Thursday, March 15, 2012

On Tour Again: Chengdu Book Worm Lit Fest



It was a grey day in Hong Kong: with low misty clouds, when i set off to Chengdu.

It's an odd feeling for me to fly into China. It feels in some ways like going back in time. It also feels like coming alive again, and when I landed the weather was pretty similar, though about 10 degrees colder.

I'm here for the Chengdu Bookworm Literary festival: one of my favourites. I was here last, four years ago, when Rob Gifford and I (apparently) argued spectacularly about the veracity of our stories. People are still talking about that night here.

The hotel is the same. The Kempinski: and you can tell how far china has moved on now in the quality of the hotel staff and hte reception you get at these places.

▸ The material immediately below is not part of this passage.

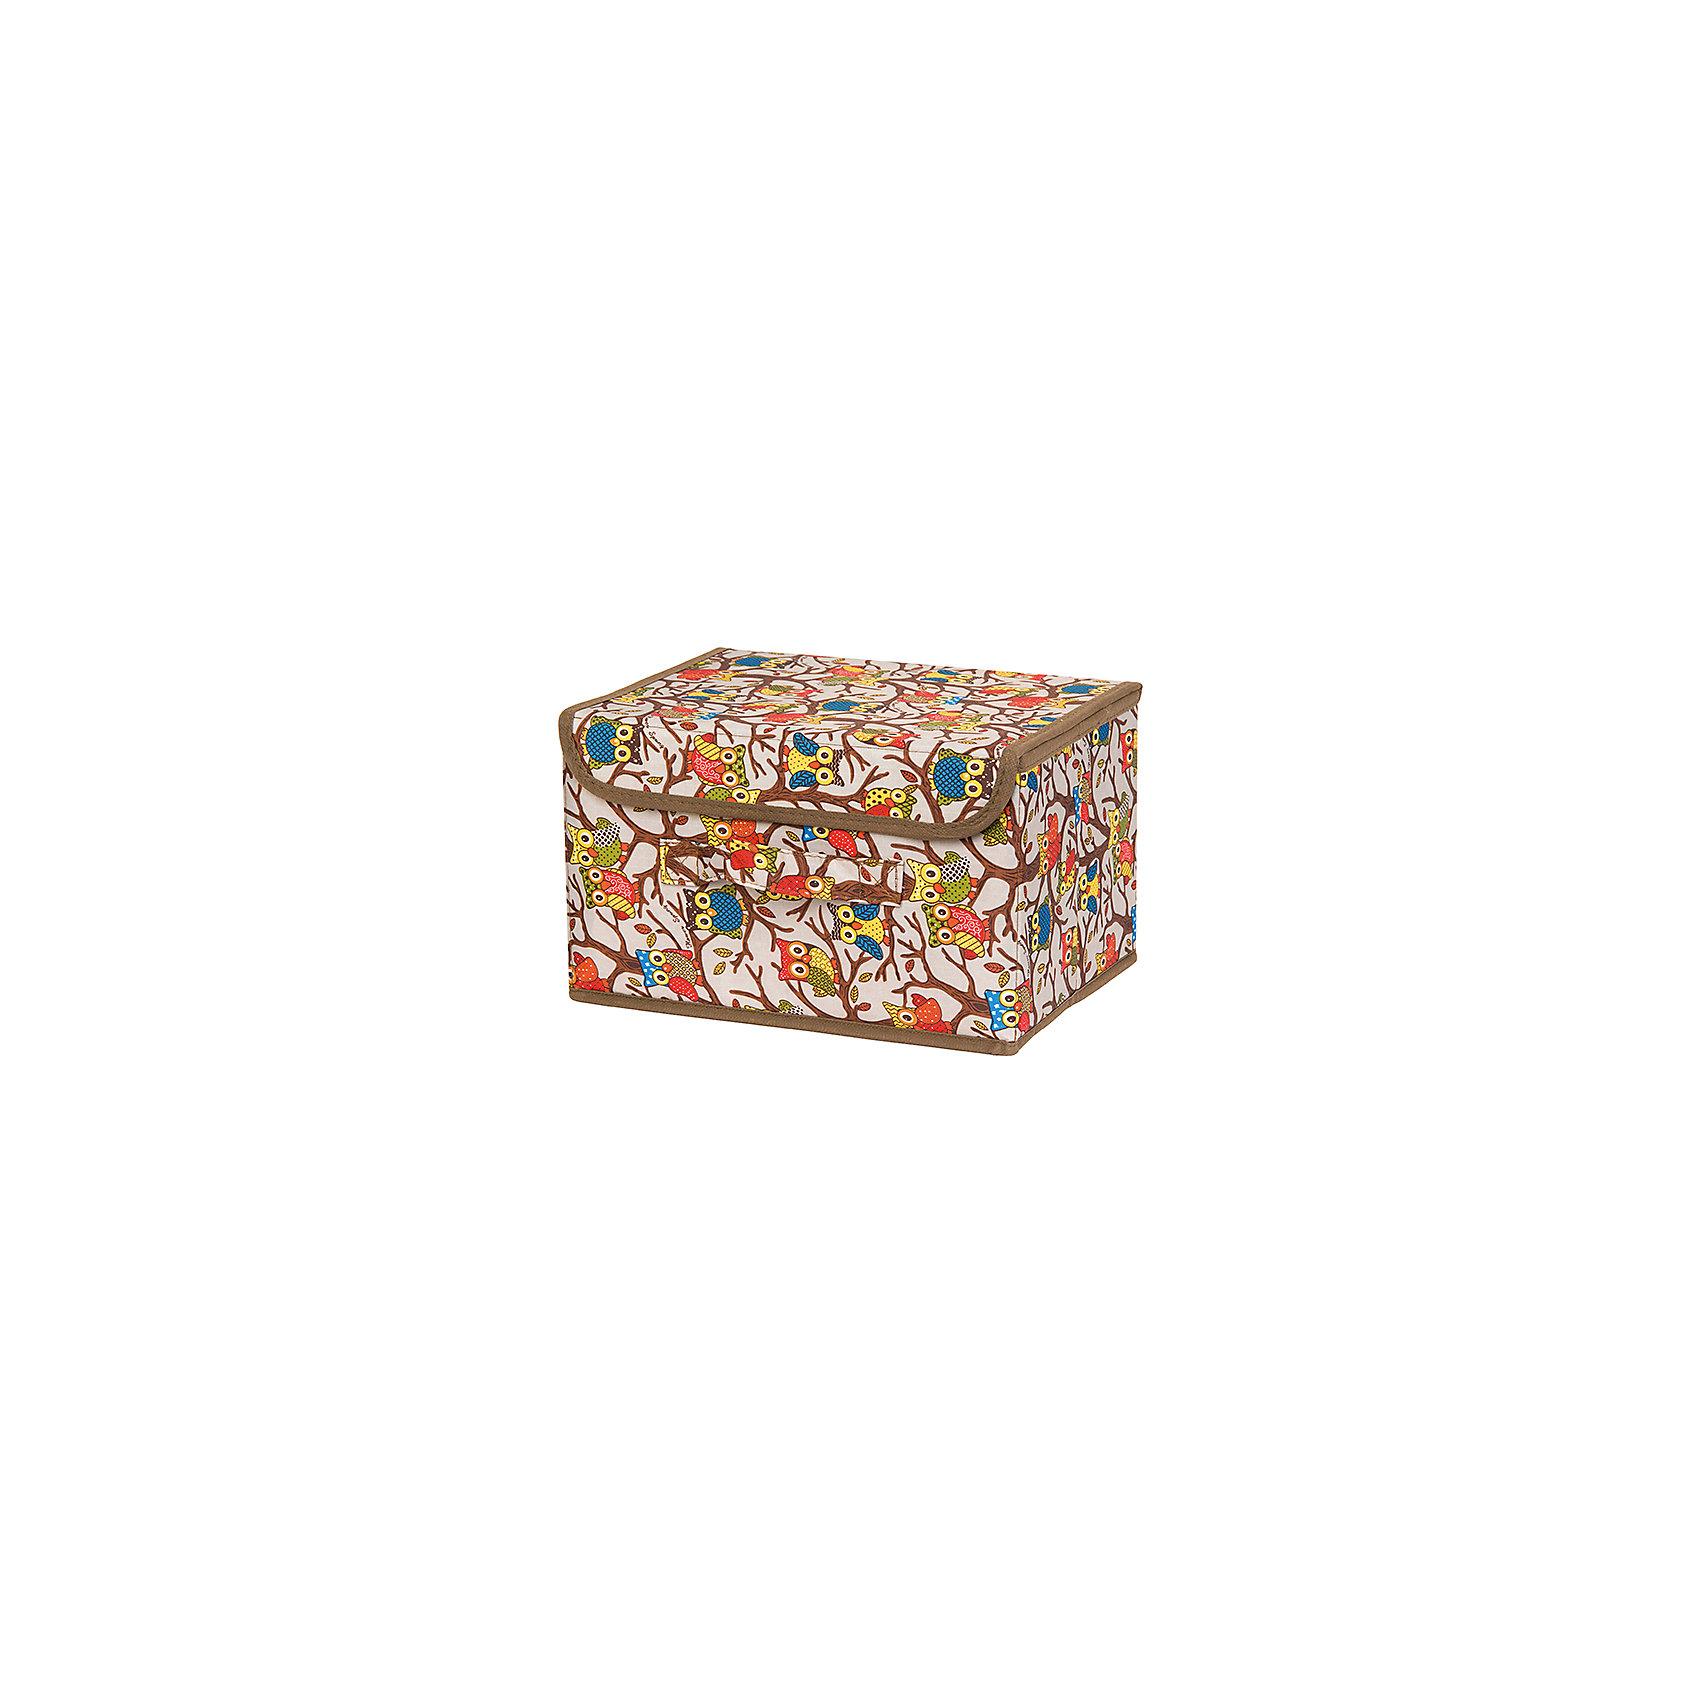 Кофр складной для хранения 26*20*16 см. Совы на ветках на серебре, EL CasaПорядок в детской<br>Характеристики товара:<br><br>• цвет: мульти<br>• материал: текстиль (полиэстер), картон<br>• размер: 26 х 20 х 16 см<br>• вес: 400 г<br>• декорирован принтом<br>• с жестким каркасом<br>• легко складывается и раскладывается<br>• удобный<br>• с крышкой и ручкой<br>• универсальный размер<br>• страна бренда: Российская Федерация<br>• страна производства: Китай<br><br>Такой кофр - отличный пример красивой и функциональной вещи для любого интерьера. В нем удобной хранить различные мелочи, благодаря универсальному дизайну и расцветке он хорошо будет смотреться в помещении.<br><br>Кофр с жёстким каркасом для хранения может стать отличным приобретением для дома или подарком для любителей красивых оригинальных вещей.<br><br>Бренд EL Casa - это красивые и практичные товары для дома с современным дизайном. Они добавляют в жильё уюта и комфорта! <br><br>Кофр складной для хранения 26*20*16 см. Совы на ветках на серебре, EL Casa можно купить в нашем интернет-магазине.<br><br>Ширина мм: 270<br>Глубина мм: 210<br>Высота мм: 27<br>Вес г: 400<br>Возраст от месяцев: 0<br>Возраст до месяцев: 1188<br>Пол: Унисекс<br>Возраст: Детский<br>SKU: 6668732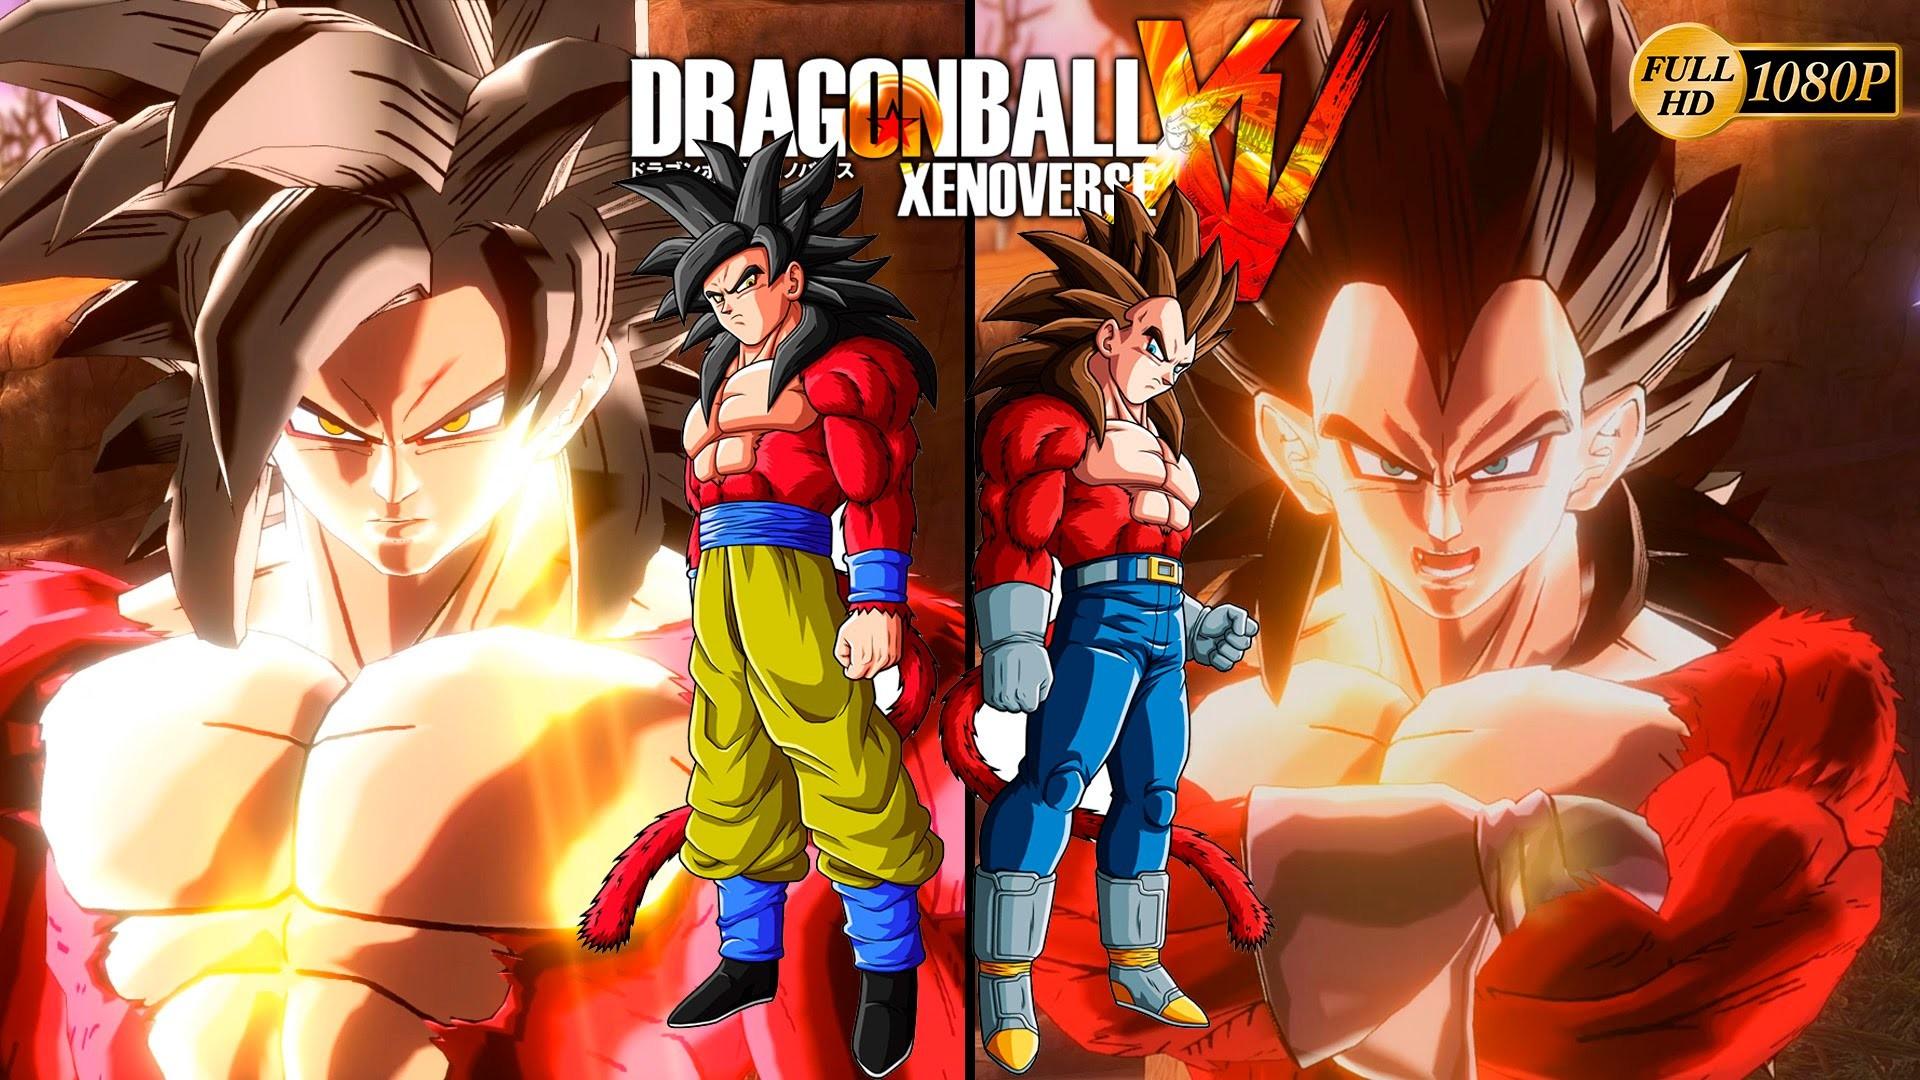 Dragon Ball Xenoverse – Super Saiyan 4 Vegeta ssj4 vs Super Saiyan Goku  ssj4 Dragon Ball GT – YouTube

Otherwise they're much the same. Pretty girls playing the piano in the lobby, men sipping tea, and men handing out hooker cards at the front door.



I spent the afternoon walking some back streets, and while much about china has changed, the back streets have not. The Chinese do cities well: they're cities that you walk around, they are cities on a human scale with all kinds of odd shops and activities happening on the pavement and in hte open doorways of shops, that double as houses, with people sitting in bed, with thick duvets pulled over their legs.



I was there for the launch night: a feast of speeches in Chinese and English, including a government spokesman, from the investment council of Sichuan province. Some things never change, and speeches are one of them. But I nipped out half way and went back to a little back street I found where there were on street restaurants: and sat on a rickety iron stool, and had yu xiang aubergine, pigs stomach and jia chang dofu.

The back to the Chengdu Bookworm and lit fests are best when the events are over and you get to talk to the people there. I like the folk at Chengdu: many of whom were the same and were kind enough to come along and say hi, and those who i had never met before.